2024.08.05 NTTコムがIOWNを半導体製造に活用 北海道・千歳に基盤構築へ
NTTコミュニケーションズは、NTTが開発を進める光技術による次世代通信基盤「IOWN(アイオン)」技術を最先端半導体の製造に活用しようと、基盤システムの構築を進めている。7月には、半導体工場の整備が進む北海道千歳市に拠点を開設し、技術開発支援を加速させたい考えだ。
IOWNは、端末からサーバーまで全てを光信号で伝えるオールフォトニクス・ネットワーク技術(APN)を活用し、30年をめどに電子ベースの通信網を全て光ベースにすることで、高速大容量・低遅延化と低消費電力化を目指す取り組み。従来の電子ベースの通信ネットワークと比べ、消費電力を100分の1に、遅延を200分の1に抑えられるとされる。
今回の取り組みは、製造過程で多くのサーバーが必要となり大量の電力を消費する半導体にIOWN技術を活用して、データ通信を高速大容量化しながら消費電力を抑制するのが狙い。
地方創生へ
そこでNTTコムは、先端半導体の国産化を目指すラピダスの工場建設が進むなど集積が進む北海道千歳市を起点に産業や地域課題を解決する事業コンセプト「HOKKAIDO IOWN CAMPUS」を創設。日本の半導体産業が持続的に成長する仕組みを構築し、北海道の地方創生につなげる取り組みを展開する。
具体的には「半導体産業クラスター」「IOWN産業クラスター」「学術機関クラスター」で事業を進める。
半導体産業クラスターは設計や開発、製造を支える企業や研究開発を集積。IOWN技術を活用した基盤システム上で、データの伝送やアプリケーションを稼働させ、サーバーの削減や消費電力の削減を目指す。

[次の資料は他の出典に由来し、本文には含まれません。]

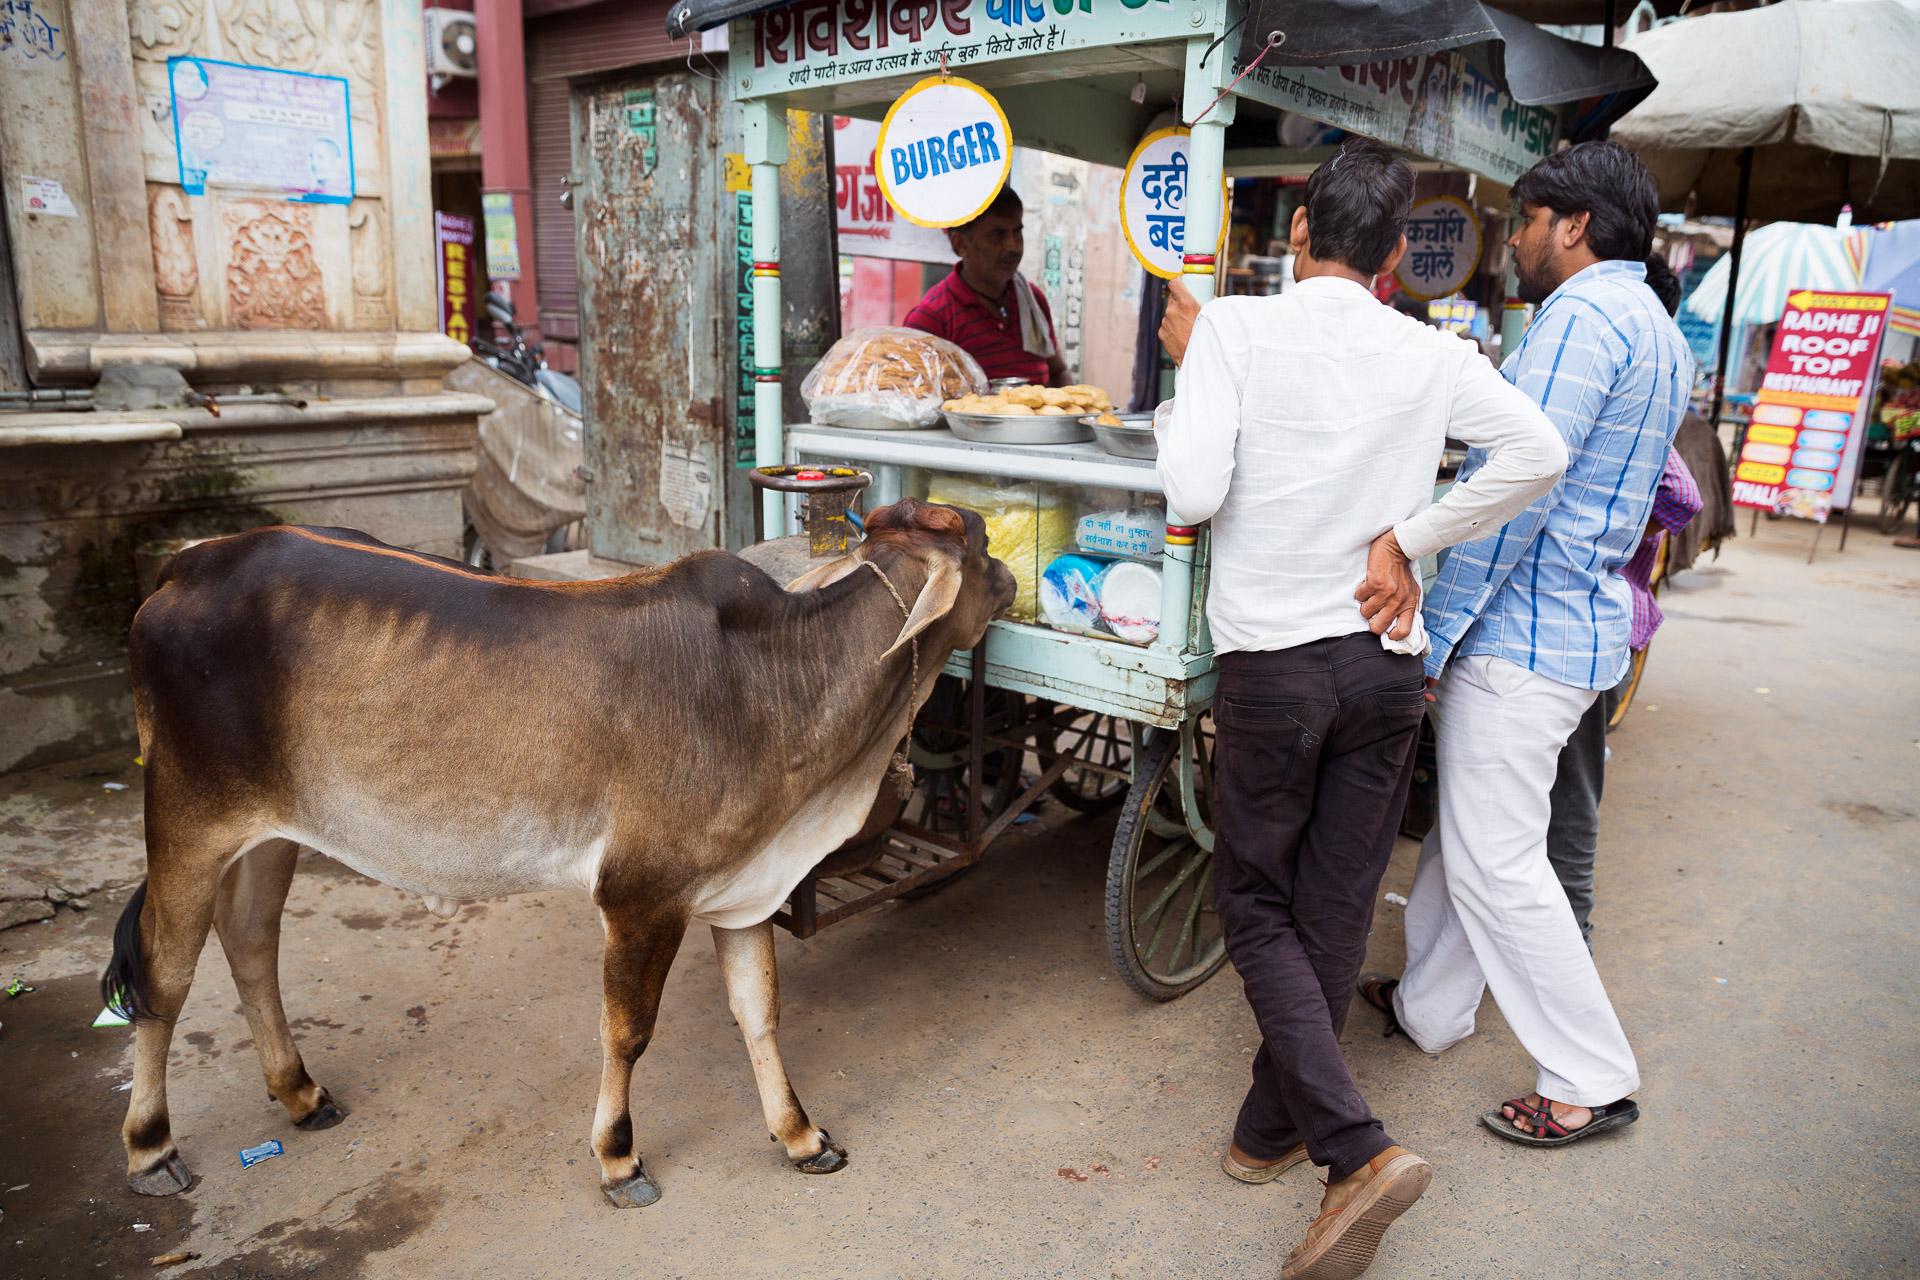 Eine heilige Kuh vor einem Burgerstand in Pushkar. Gut, dass die Inder sich fast ausschließlich vegetarisch ernähren.
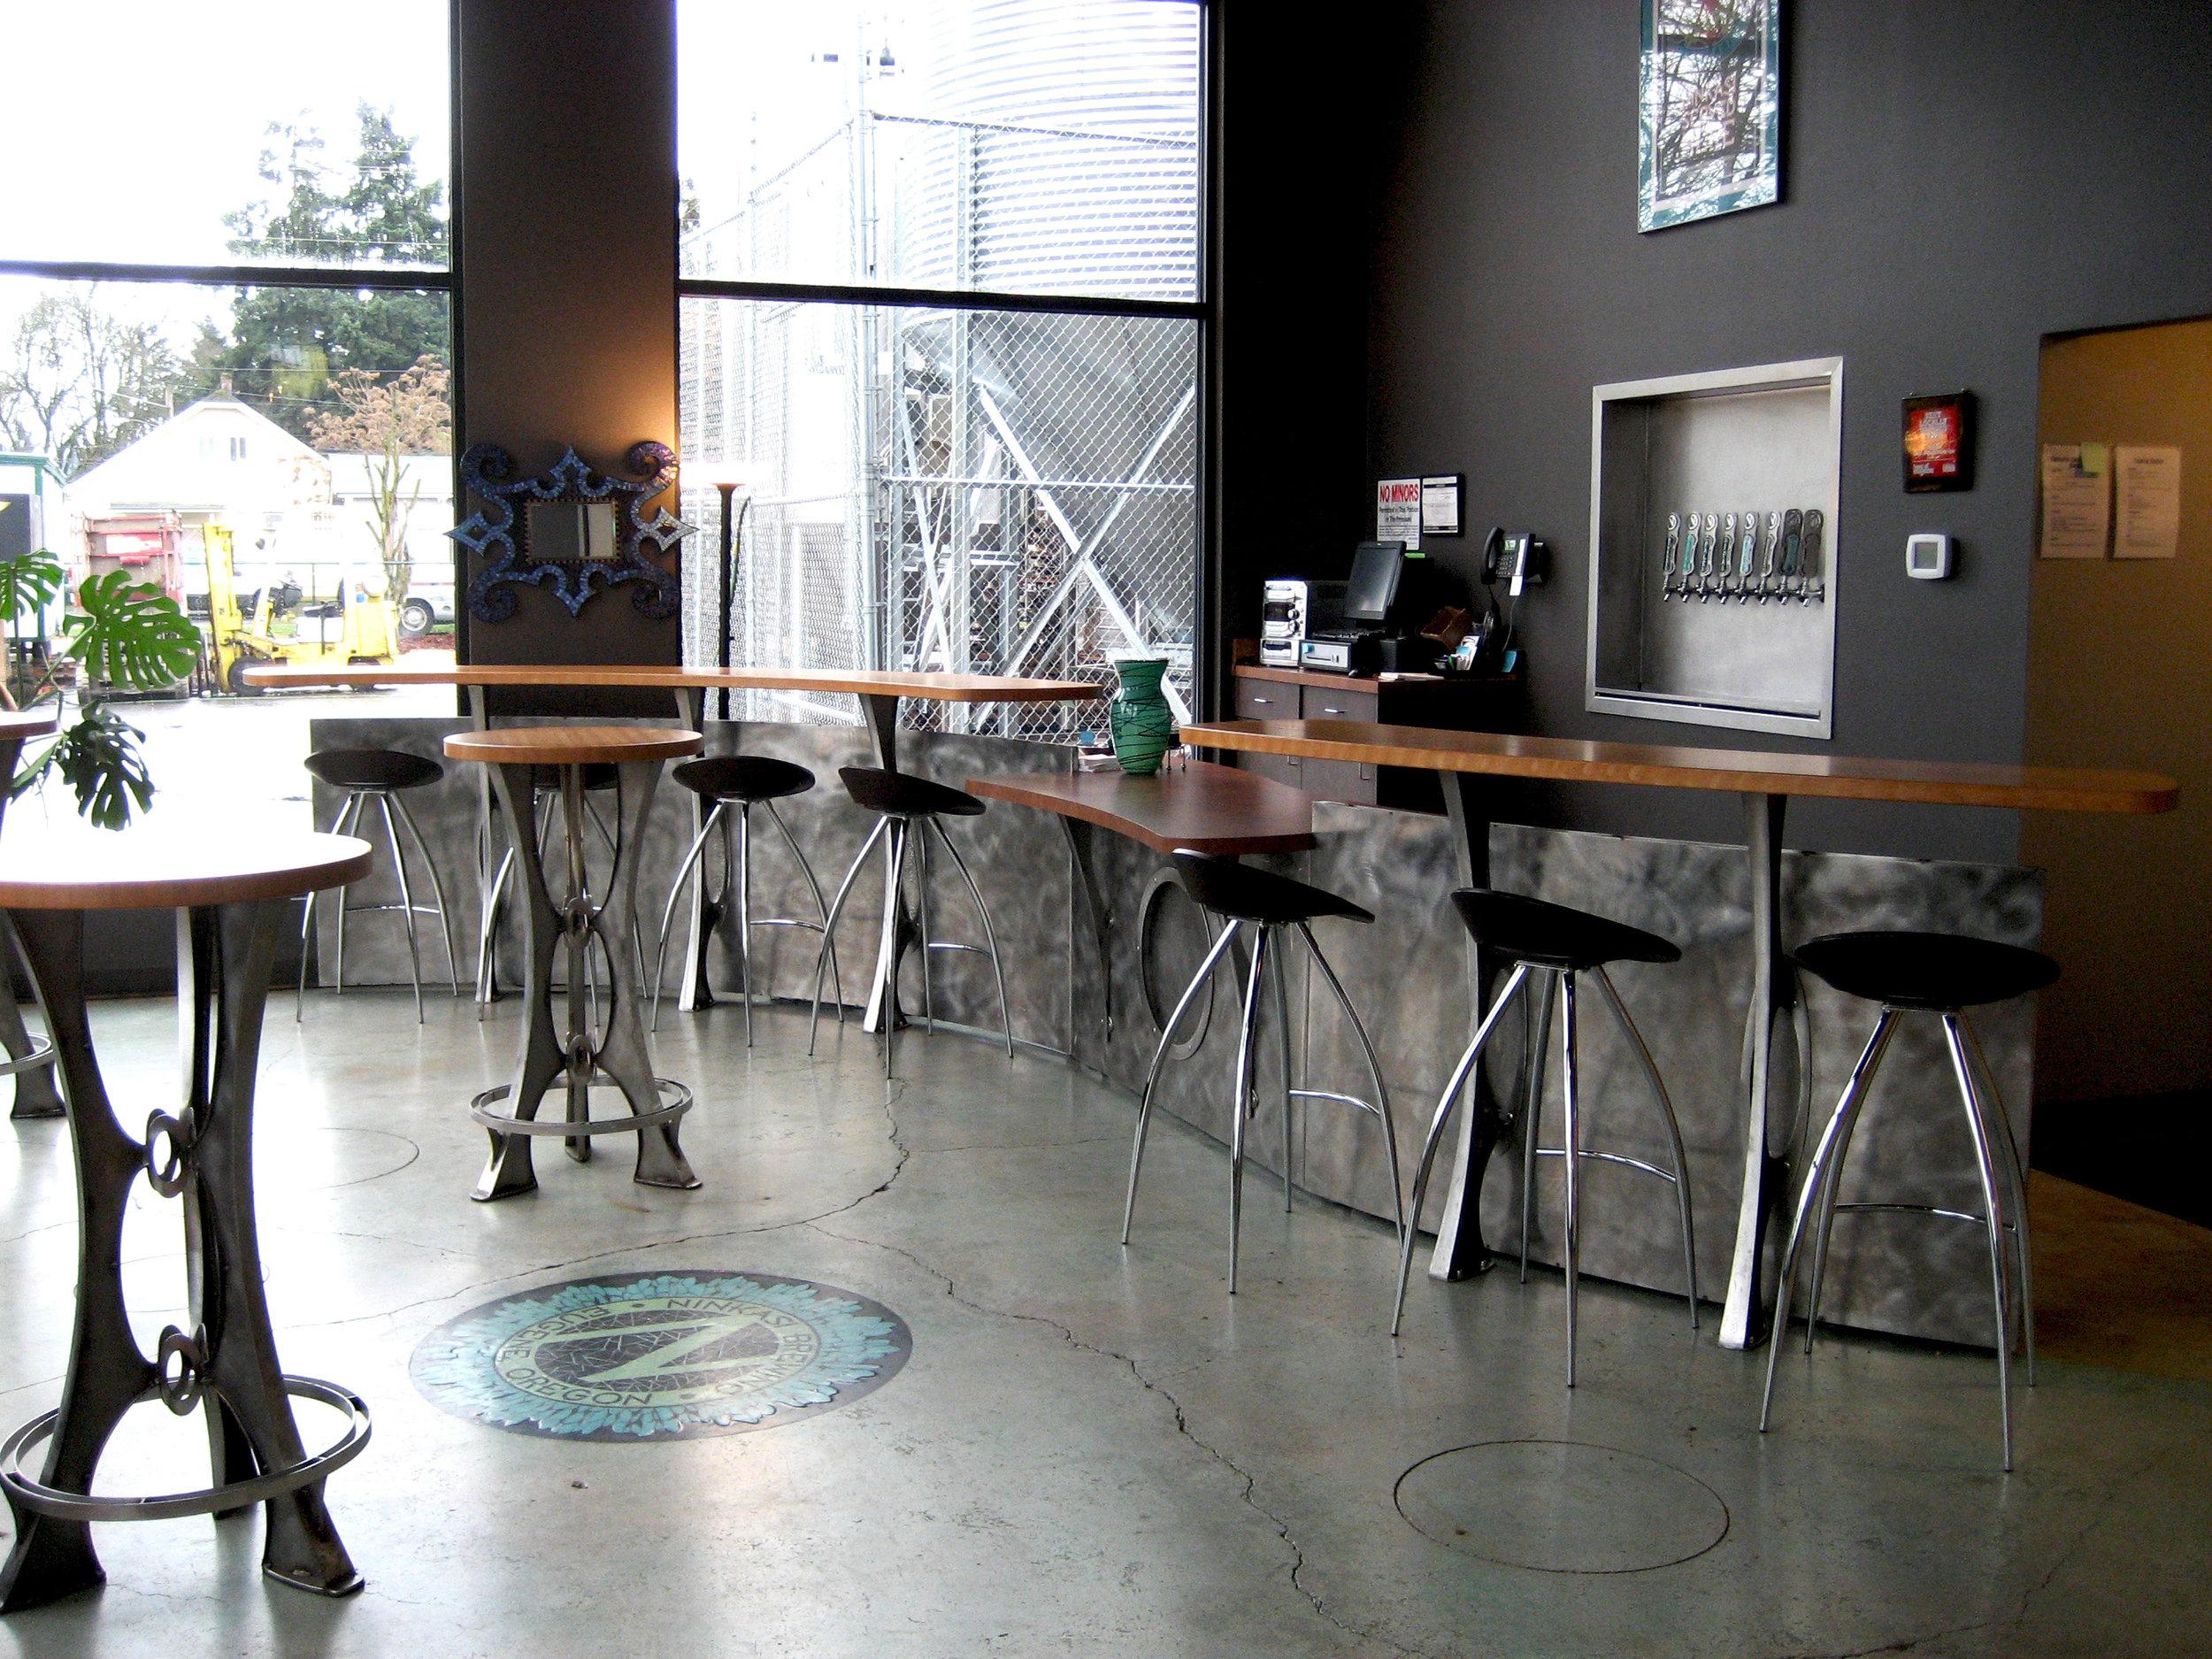 Ninkasi-Brewing-tasting-room-custom-fabricated-stainless-steel

IOWN産業クラスターはIOWNを活用した自動運転バスや除雪作業の効率化、カーボンニュートラルへの貢献などに向けた技術検証を行いながら社会実装を目指す。
学術機関クラスターは、北海道を起点として半導体やICT(情報通信技術)領域の人材育成に向け、企業や大学などの集積を進める。
拠点を開設
7月1日にはHOKKAIDO IOWN CAMPUSの拠点となる事務所を千歳市内に開設。今後、本格的な事業展開を進める。
NTTコムは「半導体産業を皮切りに、さまざまな産業のプラットフォームにIOWNを活用し多くの社会課題の解決につなげていきたい」としている。